Let’s recreate the example in Foulkes (2009, pp. 114-119).

# Install required packages
if (!require(pacman)) install.packages("pacman")
pacman::p_load(tidyverse, lmtest, sandwich)

# Load data from Foulkes (2009) book website
fms <- read.delim(
  "http://www.stat-gen.org/book.e1/data/FMS_data.txt",
  header = TRUE,
  sep = "\t"
)

# Attach data
attach(fms)

Actn3Bin <- data.frame(
  actn3_r577x != "TT",
  actn3_rs540874 != "AA",
  actn3_rs1815739 != "TT",
  actn3_1671064 != "GG"
)

# Run linear regression
mod_foulkes <- lm(NDRM.CH ~ ., data = Actn3Bin)

# Get adjusted p-values
SDadjP.lm(mod_foulkes, B = 1000)

Output

Step-down residuals-based resampling p-value adjustment (Westfall & Young, 1993)
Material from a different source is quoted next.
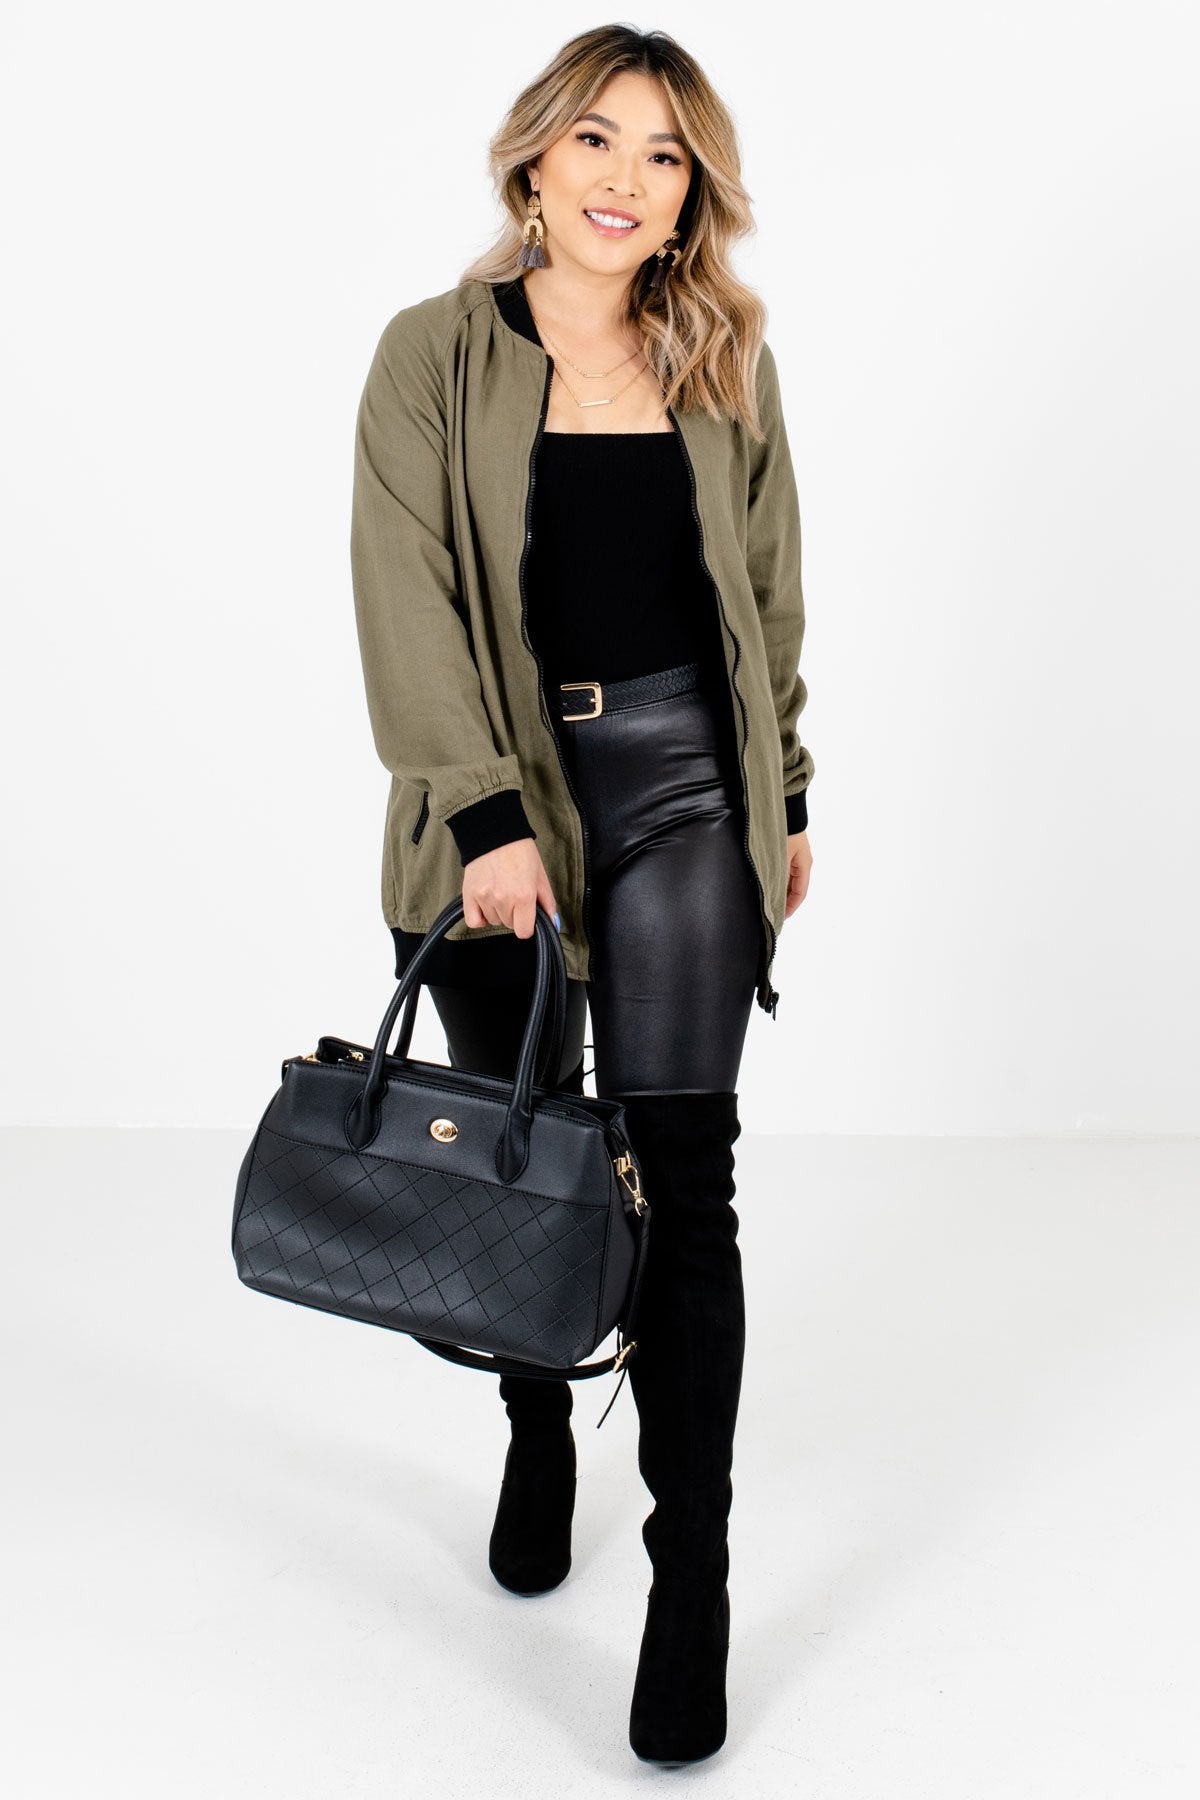 Women’s Olive Green Fall and Winter Boutique Clothing
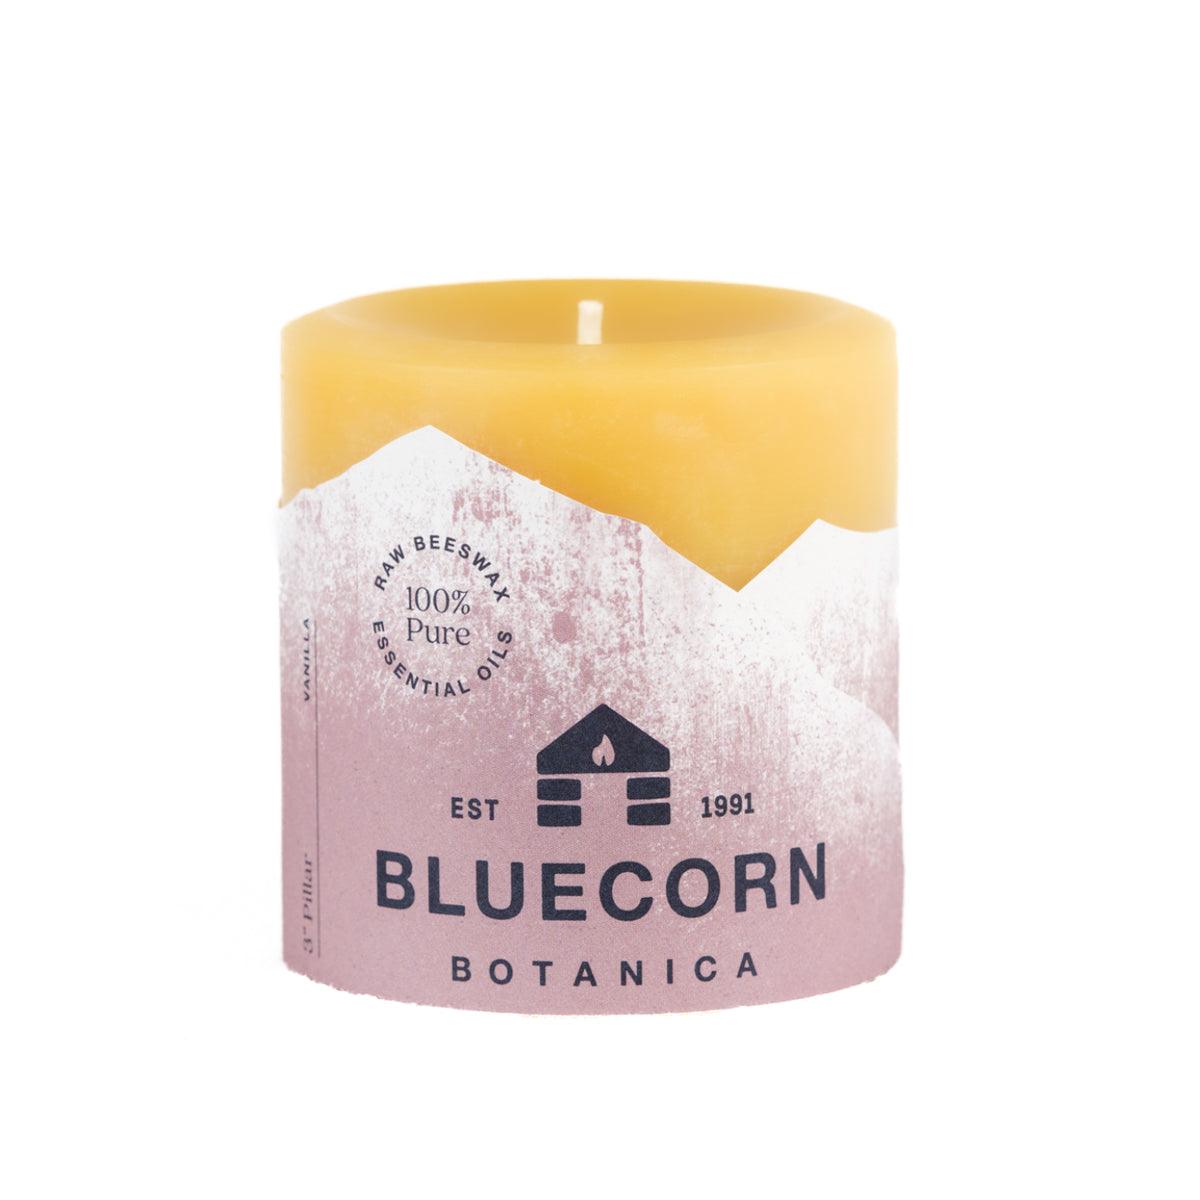  Cypress & Sandalwood Essential Oil & Pure Beeswax Candle in  Blown Glass Vessel. Bluecorn Beeswax Botanica. Non-Toxic Scented Candle in  100% Recycled Glass. 8 oz. : Home & Kitchen

Number of bootstrapped resamples: 1000

                              p.raw p.maxT p.minP
actn3_r577x.....TT.     0.005204379  0.031  0.031
actn3_rs540874.....AA.  0.356225590  0.341  0.368
actn3_rs1815739.....TT. 0.122159680  0.224  0.240
actn3_1671064.....GG.   0.096425660  0.215  0.238

As you can see above, the output displays the:

  • model terms
  • unadjusted p-values (p.raw)
  • maxT adjusted p-values (p.maxT)
  • minP adjusted p-values (p.minP).

Reference

Foulkes, A. S. (2009). Applied Statistical Genetics with R. Springer-Verlag: New York.